On May 30, 1845, the Indian ship Fath Al Razak docked in Port of Spain, signaling the arrival of the first immigrants from the subcontinent, 225 of them, destined for the sugarcane plantations. Their voyage lasted 103 days, over 14,000 miles, to the opposite side of the earth. They were offered 5-year and 10-year contracts, followed by a free trip home, but most (75%) stayed and continued working the estates, in exchange for small pieces of land.
The colonial estate system did not end until 1917. By then almost 150,000 East Indians had arrived. Today thousands of tiny properties remain in constant dispute, with each plot signifying generations of toil and blood. One peculiar tactic for contesting a family claim is materializing a Buck, a Guyana demon with misshapen limbs and malice aforethought, who still seems to thrive on the old dismantled estates.
In the wake of Emancipation, the Empire needed to fill a cheap-labor void in the West Indies, but especially Guyana and Trinidad, and the subcontinent presented an opportunity. Indeed 44% of Guyana citizens trace ancestry to East India. Smaller percentages also celebrate Arrival Day in Grenada and Saint Lucia, but the first nationally designated Day is reported to be Trinidad’s, although our self-reporters are prone to slight exaggeration.
“Meesta Show!“ Naipaul’s arm waves like bamboo, as he runs me down in the parking lot. He has replaced his black Nehru shirt and sturdy boots with a crisp button-down with polished brown shoes. Clearly he is finished work at the gate and ready to go someplace nice, maybe for a family dinner of curry goat. Like a forensic analyst, he once told me the favored dish was a way he could distinguish a Guyanese, who calls it “goat curry,“ not “curry goat,“ which apparently makes all the difference in the world to an Indo-Trini.

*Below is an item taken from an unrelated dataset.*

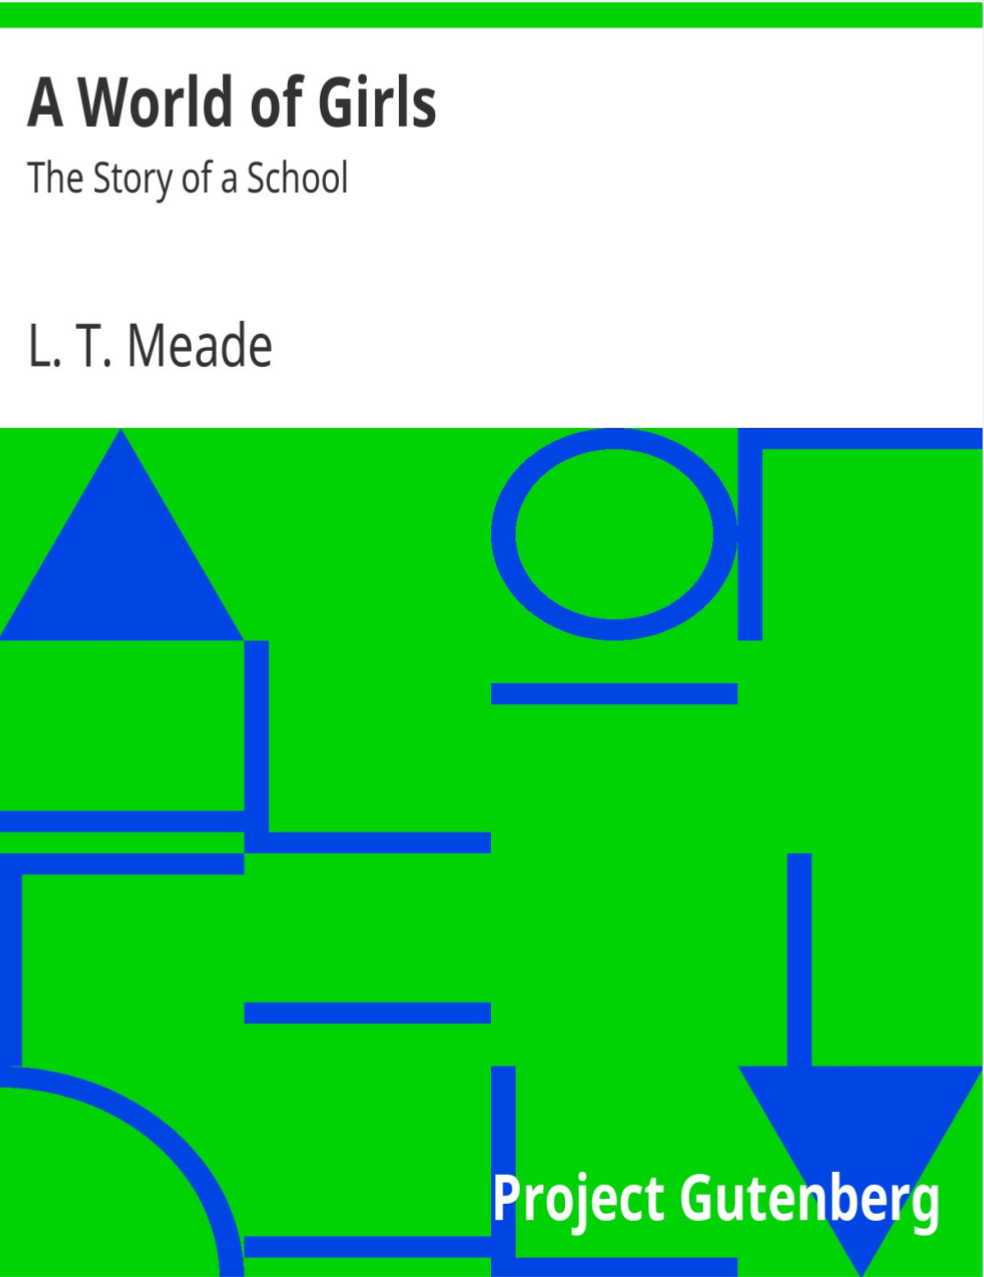 A WORLD OF GIRLS BY L.T MEADE
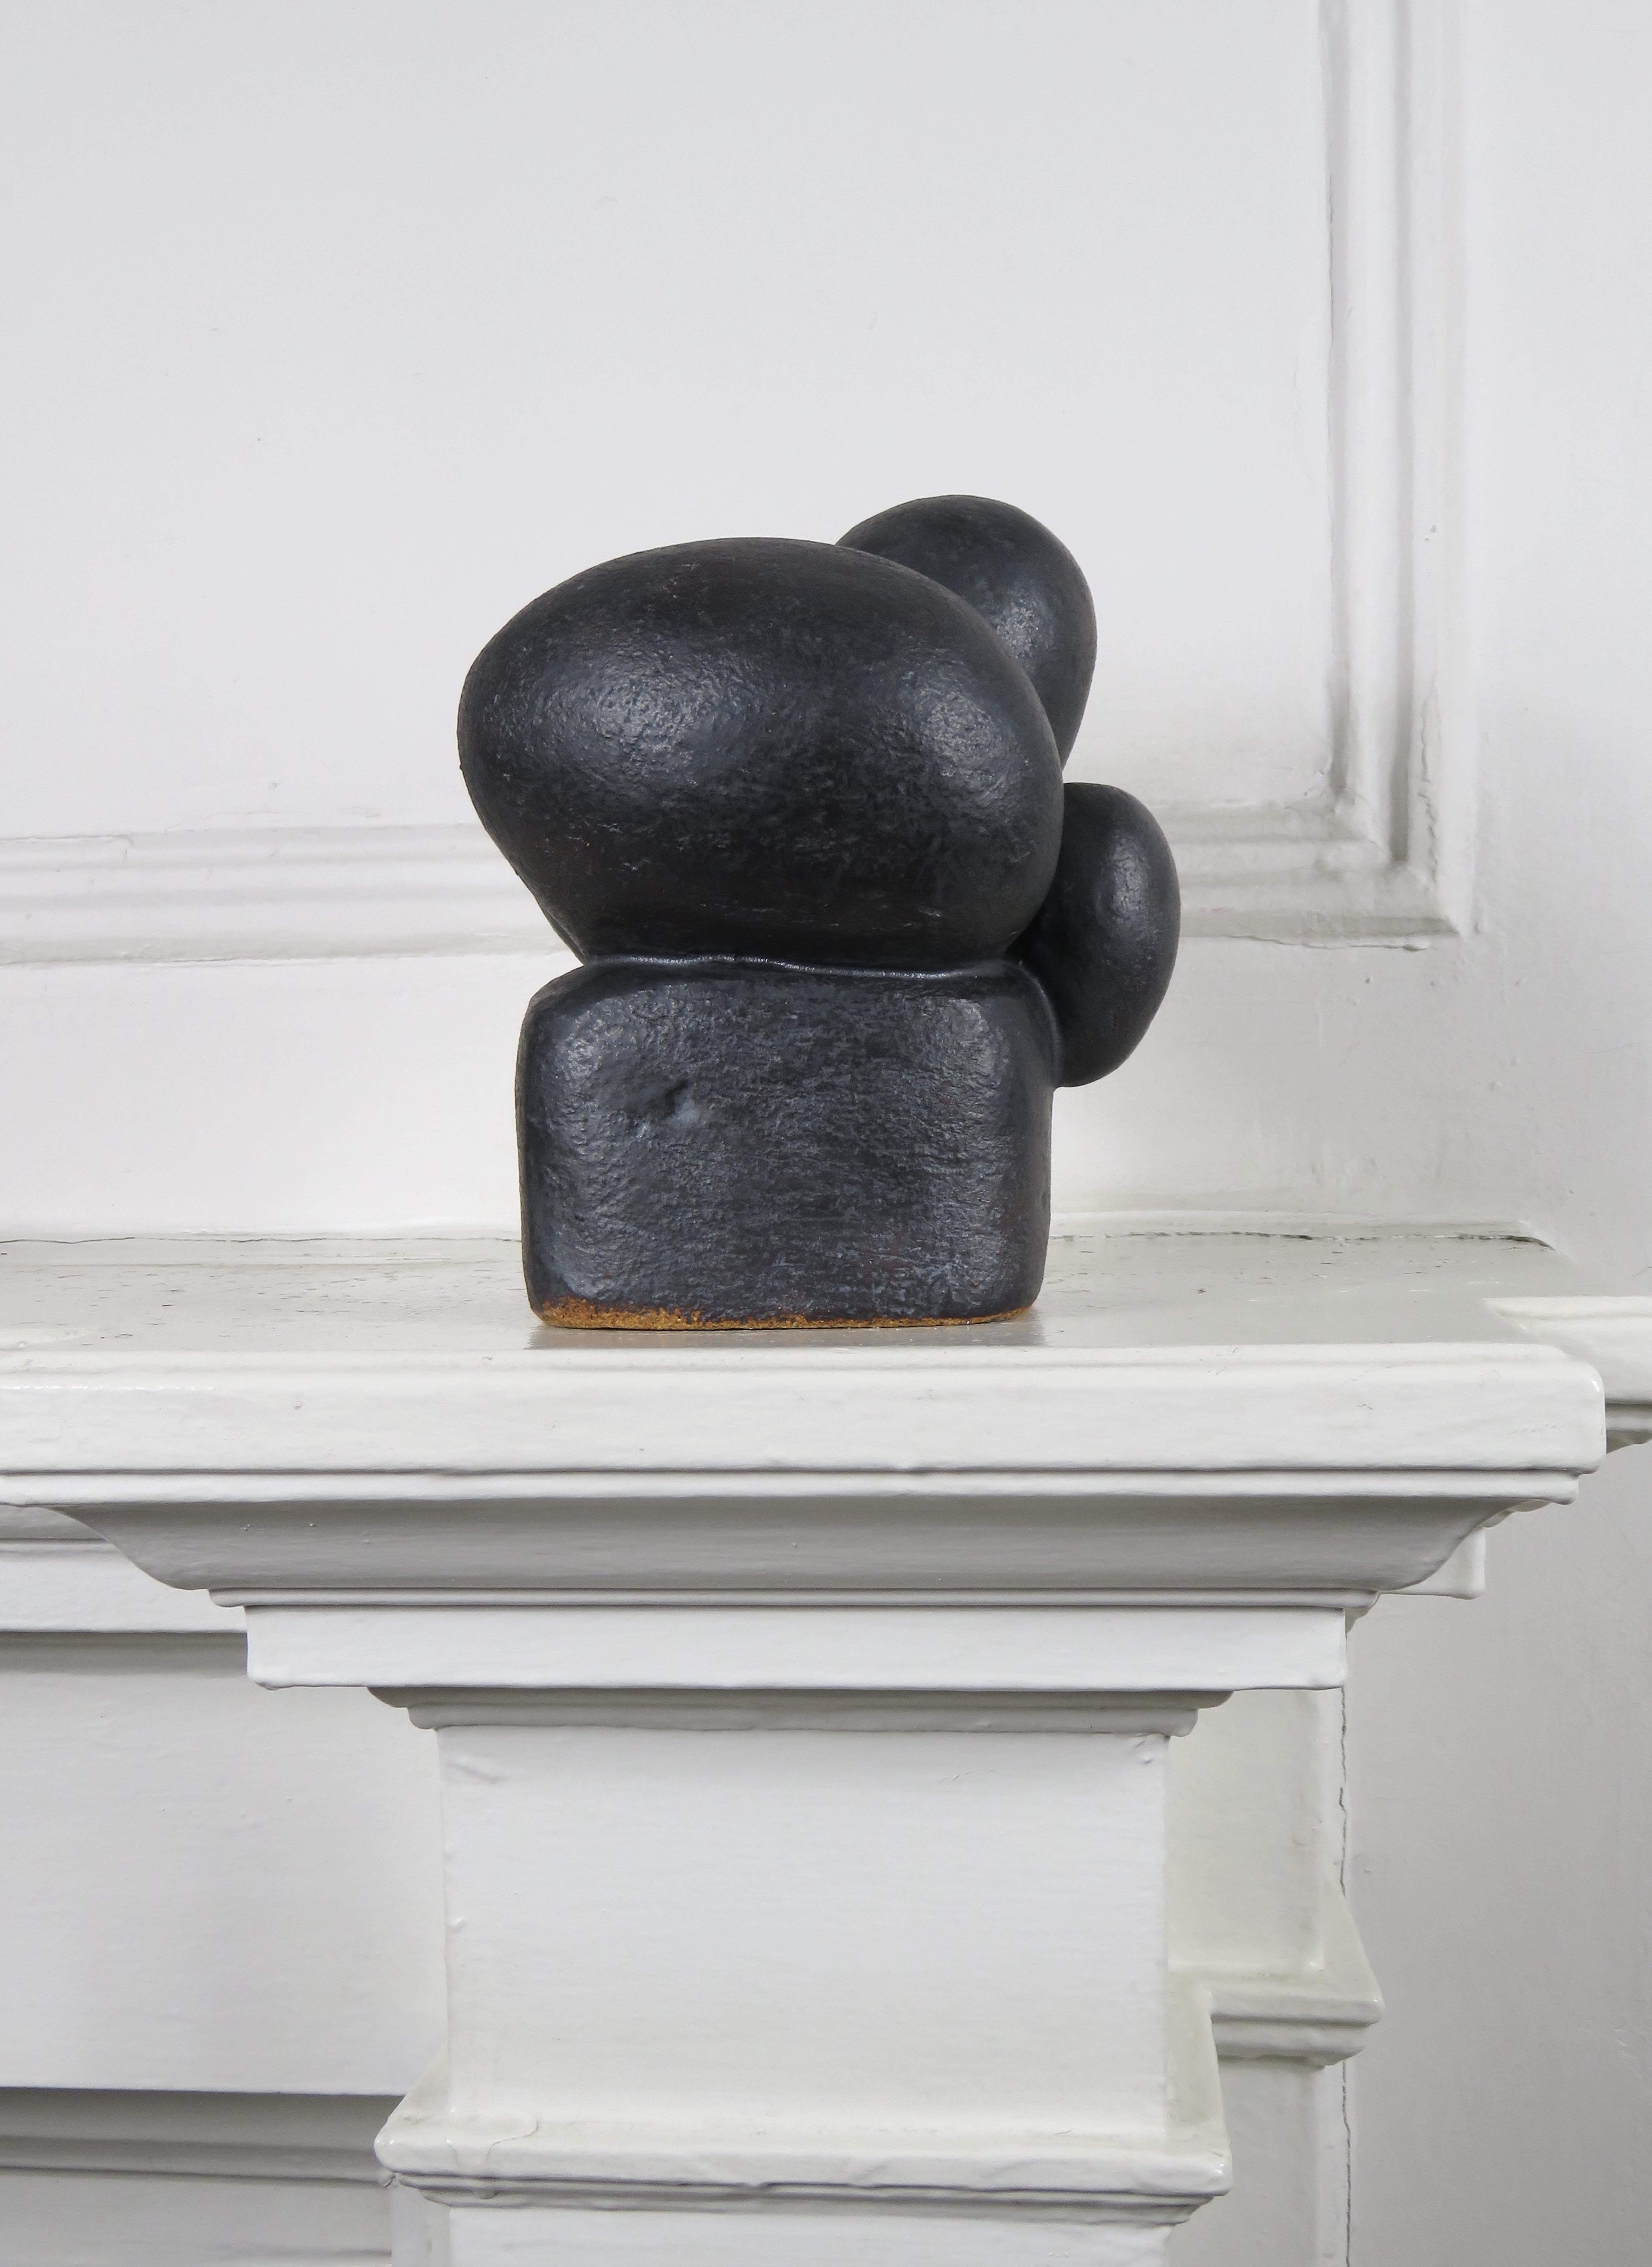 Fired Organic Bulbous Pods with Cube Base, Hand Built Black Metallic Ceramic Stoneware

“Happy holiday,“ I say, feeling the weight of my yams and potatoes in my sagging Massy bag. I prefer to avoid problems, and I fear Naipaul, however cheerful, may be presenting me with one.
“T’ank blessin’s. Yuh tile huv arrived!“ Three months ago, some one on staff with a drill made a nickel-size hole through the wall of my shower, accompanied with copious apologizes from Ali, the apartment manager. He promised a prompt repair. Many months later, a ceramic bathroom tile joins my box of Cheerios as another prayer answered.
“That’s great news,“ I lie. In truth, I have no expectation of seeing my tile replaced before I leave in five weeks. “Do you have special plans for the long weekend?“ I am wondering if Naipaul’s large family might recount their famous uncle’s tales of a country torn by “a million little mutinies“—or, of a “paradise further away from India but a little bit closer to hell.“
“No,“ says the beanstalk. “We go watch Harold and Kumar (Go To White Castle).“ An Indo-Trini classic. As cousin Vidia would say, nonfiction can distort, and facts can always be realigned, but fiction never lies.